The success here is essentially due to the communication plans and messages that have been developed, which convey the values ​​of membership to the acquired bank customers. As a credit union wants to expand its concentration in one geographic area, it often tries to buy smaller, community-linked banks. In this way, the credit union can easily demonstrate that it can serve banking needs while providing at least the same level of community service. This will continue to be a driving factor in the success of converting customers to credit union membership.

Navigate successfully through the regulatory landscape

Due to the structuring requirements of an overall bank takeover and the official approval process, acquiring an entire bank is more complicated than acquiring another credit union. However, the regulatory process is well traveled at this point, particularly in Florida, Michigan, Illinois, and Wisconsin, to name a few.

While traveling a long way doesn’t necessarily reduce complexity, lawyers and state and federal regulators are familiarizing themselves with the process. This familiarity, in turn, ensures greater efficiency. In contrast to merging with a credit union, buying a bank will involve more regulatory complexity; however, that alone should not be a deterrent.

While the future is unpredictable, history can serve as a guide. As an industry, we have eight years more experience than in 2012. As consolidation continues throughout the industry, there will continue to be opportunities for inorganic growth. This consolidation could be the reason for more store purchases than in recent years as credit union buyers seek to retain more capital.

While the regulatory process is not entirely free from bumps, it will continue to evolve, evolve and refine, resulting in a smoother and more efficient process for approving transactions.
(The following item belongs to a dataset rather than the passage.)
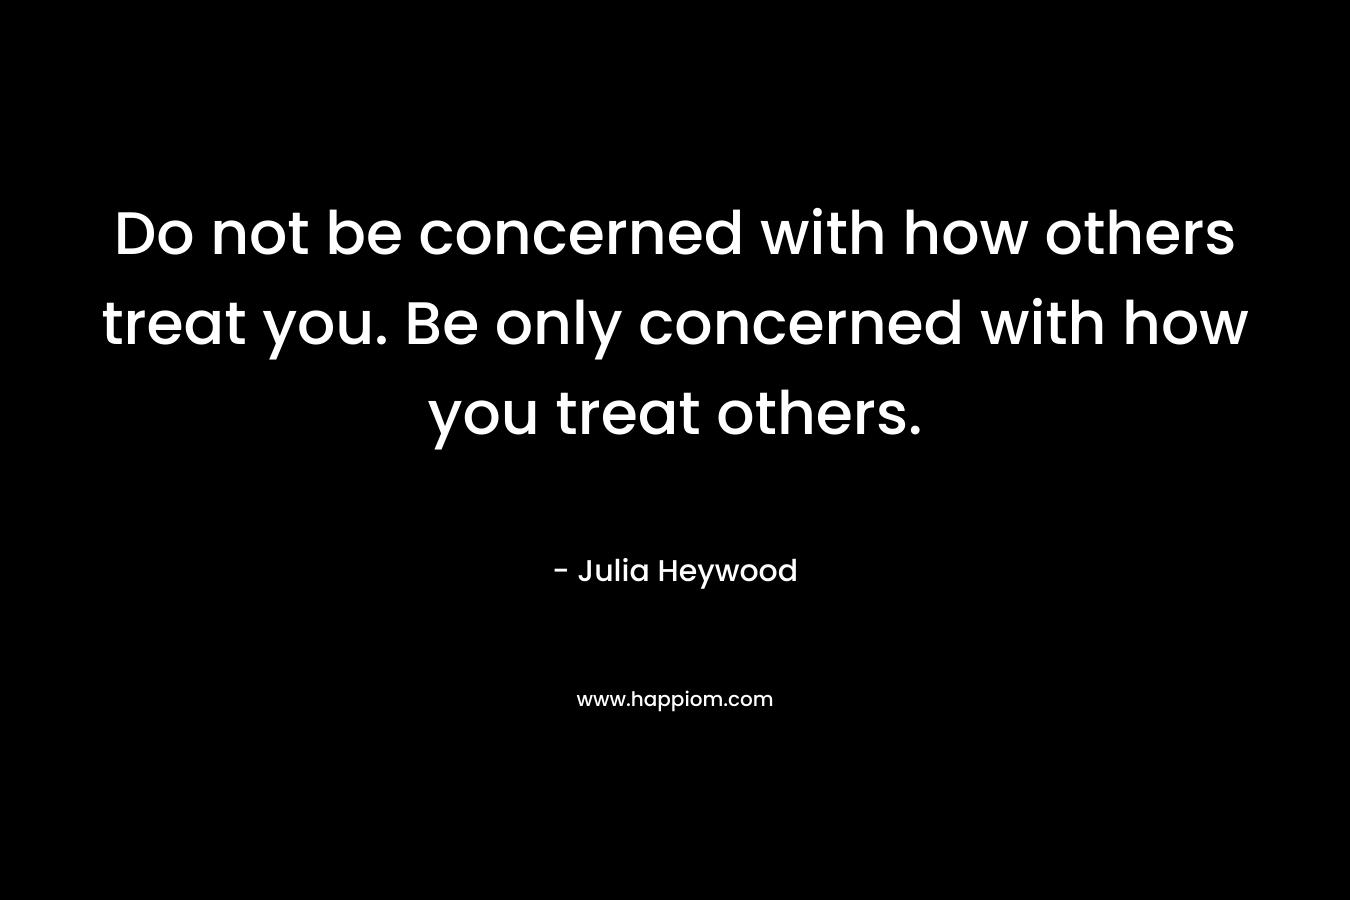 Do not be concerned with how others treat you. Be only concerned with how you treat others.
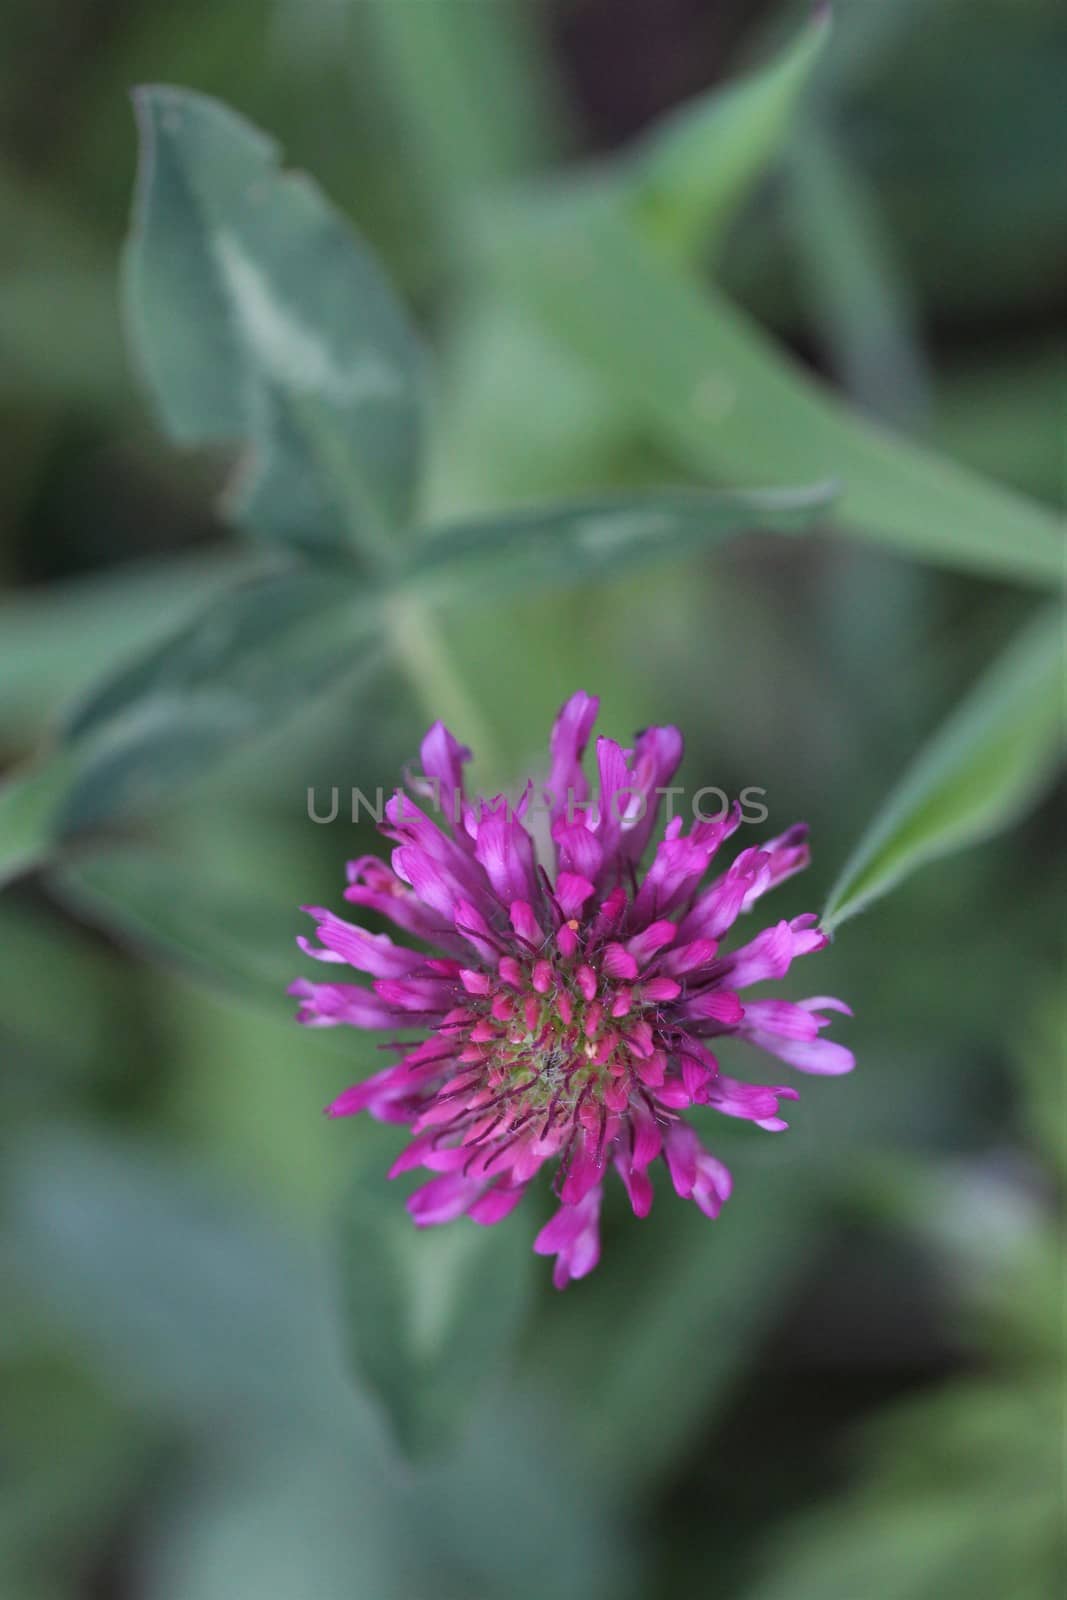 Trifolium pratense or meadow clover as close up by Luise123

Despite the changing framework conditions in the financial services sector, the future of acquisitions remains bright. Credit unions will continue to be a part of the bank acquisition market, and well positioned credit unions will be ready to achieve inorganic growth by using the acquisition market to their strategic advantage.

Justin Gingerich Justin Gingerich

Justin Gingerich is a partner in the Chicago office of Howard & Howard Attorneys PLLC.